Niemann-Pick type C is a genetic disorder caused by mutations in NPC1 and NPC2 genes. The proteins coded by these genes work as a team to transfer cholesterol from lysosomes, the waste disposal systems of the cell. Malfunction of either of these proteins causes accumulation of cholesterol and other lipids. Individuals affected suffer from difficulty coordinating movements, poor muscle tone, liver disease, lung disease, and problems with basically all organs. Niemann-Pick disease is fatal and patients usually die before age of five. Also lysosomal membrane lipids have some role in cholesterol transportation. In this project that role is studied using molecular dynamics. This project is the topic of my masters thesis, which should be finished soon.
The permeability and flip-flop-properties of lipid bilayers containing oxysterols was studied using molecular dynamics simulations. The two chosen oxysterols were 27-hydroxy-cholesterol (HCH) and 7β-hydroxycholesterol (BCH). Bilayers containing these oxysterols were compared with bilayer containing non-oxidised cholesterol (CHOL) and bilayer without any sterols (pure POPC). Water molecules and oxalate-ions (OXA) were pulled through bilayers and free energy profiles were measured using umbrella sampling. Gromacs 4.6 and OPLS-AA force field were used in all simulations.

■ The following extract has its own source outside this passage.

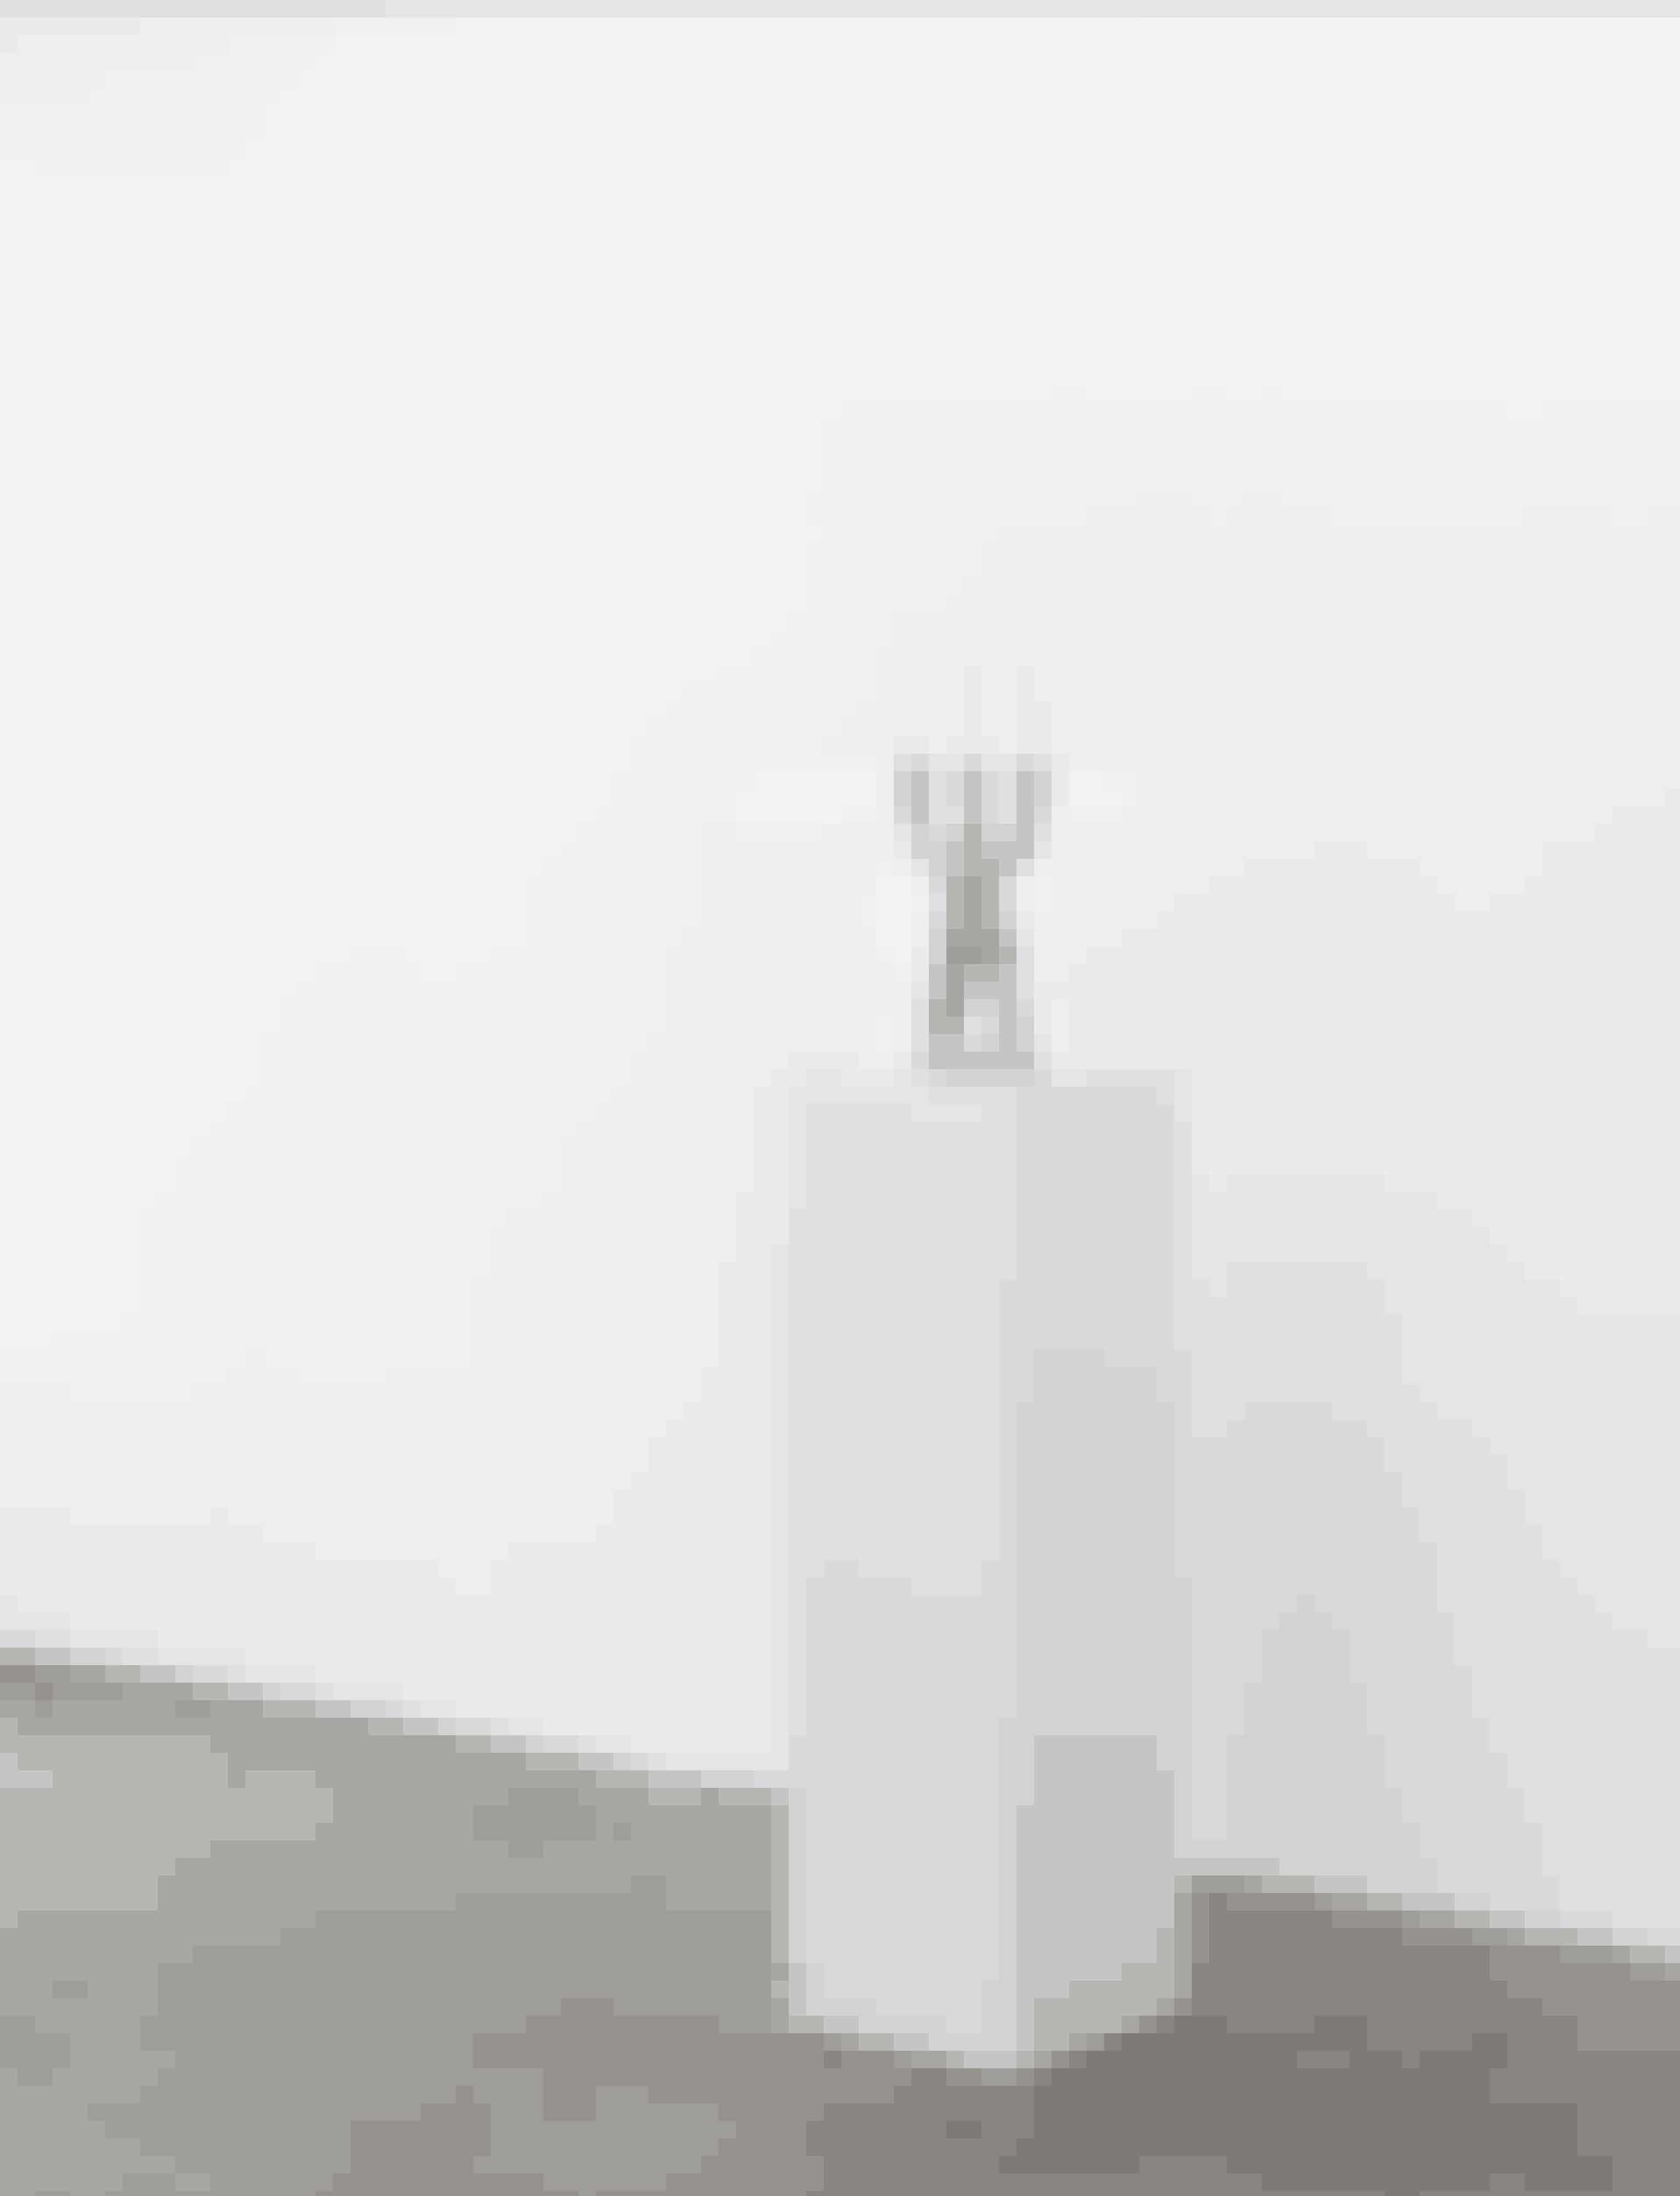 3-armet lysestage af Roma Manikhin, 1.600 kr. Den russiske kunstner Roma Manikhin har skabt et kortspil og to lysestager for Normann Copenhagen – alt sammen objekter, der afspejler Roma Manikhins erotiske og humoristiske univers.

HDL (High Density Lipoprotein) is the smallest of the five major groups of lipoproteins which play an essential role in plasma lipid transport. HDL transports cholesterol from blood vessels to liver for excretion. As this “reverse cholesterol transport” decreases the risk of cardiovascular disease, HDL acting as a carrier of cholesterol is often called “good cholesterol”. Electrostatic properties of small particles like HDL affect their stability and interactions with for example lipid membranes. In this project the goal was to use molecular dynamics simulation to measure the zeta-potential of HDL particle. I also wrote my bachelor’s thesis about this topic.